Well it is still technically Valentines day, so i am going to make this quick, cause i would really like to get some sleep before my possible phone call early in the morning. Today was nothing exciting, i got up around my regular time, Skyped with Kat, made Steph a hand made valentine (took me a few hours) and some other little crafts. She was told she was getting a delivery and needed to be home for it, so she patiently waited and waited, and around 4-5 pm, gave up and came over... we'll try again tomorrow on the delivery :) I was really in a fantastic mood all day, i was taking the day on like a real champ... and i was SOO proud of myself.

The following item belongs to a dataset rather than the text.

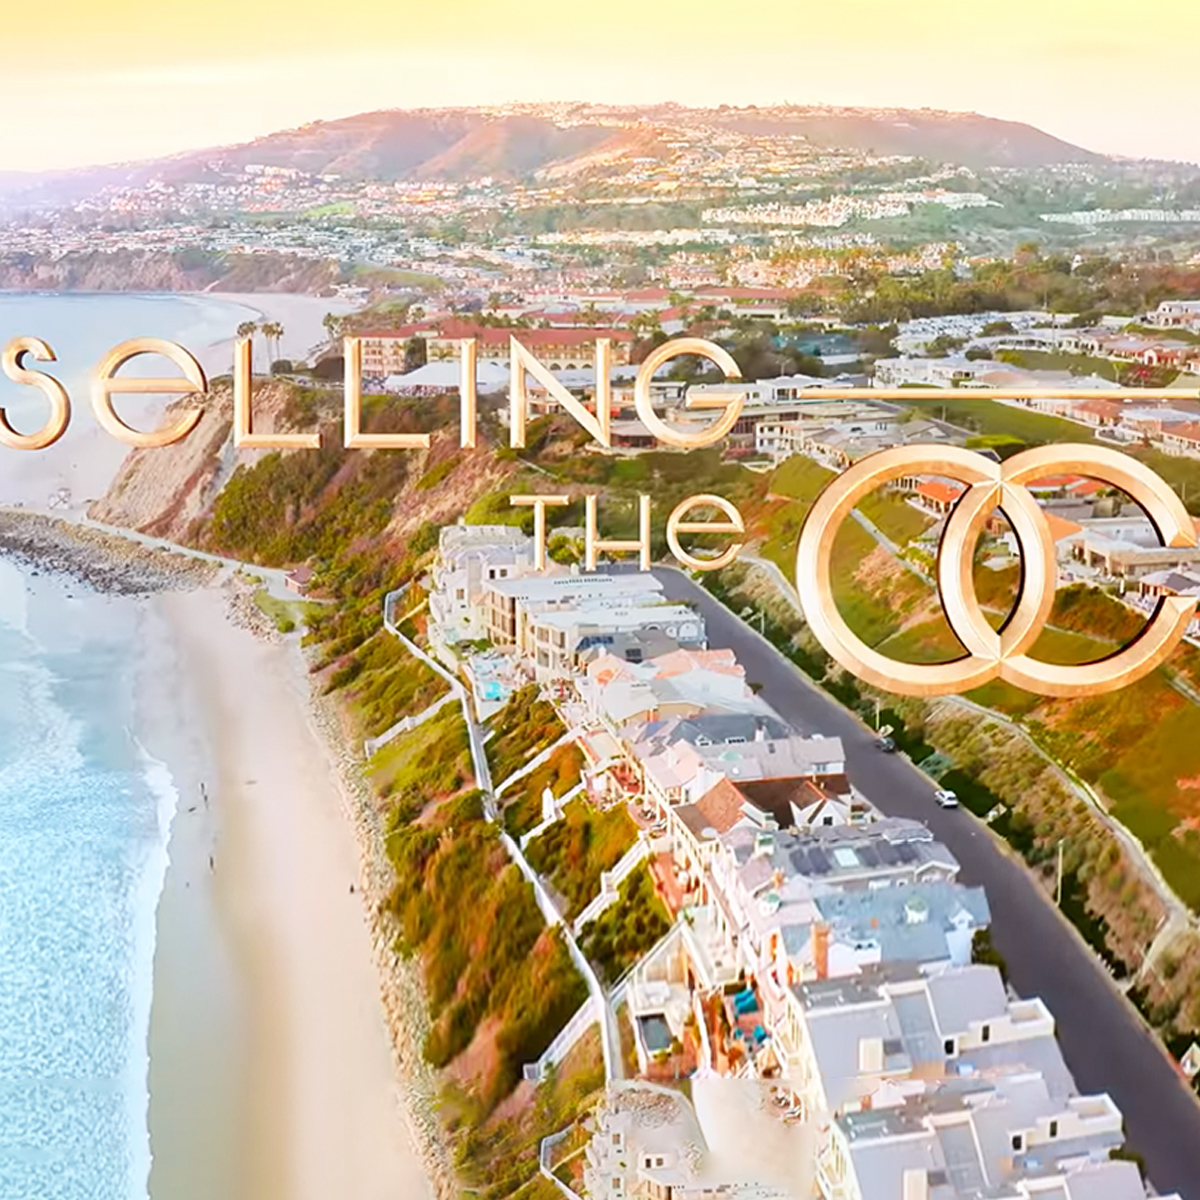 Selling Sunset season 7 trailer features Selling the OC crossover

HOWEVER, all good things must come to an end i suppose... One of "My Boys"... although i'm sincerely thinking about temporarily revoking his status as such. Decided that today would be the perfect day to pull a practical joke on me... let's just say, he started out with this story about how my husband was having such a hard time staying awake on post, and as his team leader he was worried about the situation... because some of the guys had given him Dip(chew tobacco) to keep him awake..and desperate to stay awake on post (it is absolutely imperative) he started using the dip. it's a recent thing, but he was really worried about the situation and wondered if i would talk to him, and apparently THAT is the reason he hadn't called me in DAYS, was because of the situation... in this idiot Marines defense... he DID have a good story and a very good set up.. as well as the most gullible girl in the world.80% of me was telling myself "THIS IS RYE WE ARE TALKING ABOUT, HE WOULD NNNEEEEVER TOUCH THE STUFF!!!!" while the other 20% was saying, "ya, but if he was falling asleep on post and was unable to stay awake, MAAAAAAAYBE" and stupid ol' me, let my 20% take over my mind for about an hour... ya, imagine this.. i'm sitting on the couch... wondering where my good mood went, thinking about how my husband is no longer the man he's always been, he's changed... he's no longer the good example for the other Marines... they are going to think that ALL Mormon's have a breaking point when it comes to our "rules"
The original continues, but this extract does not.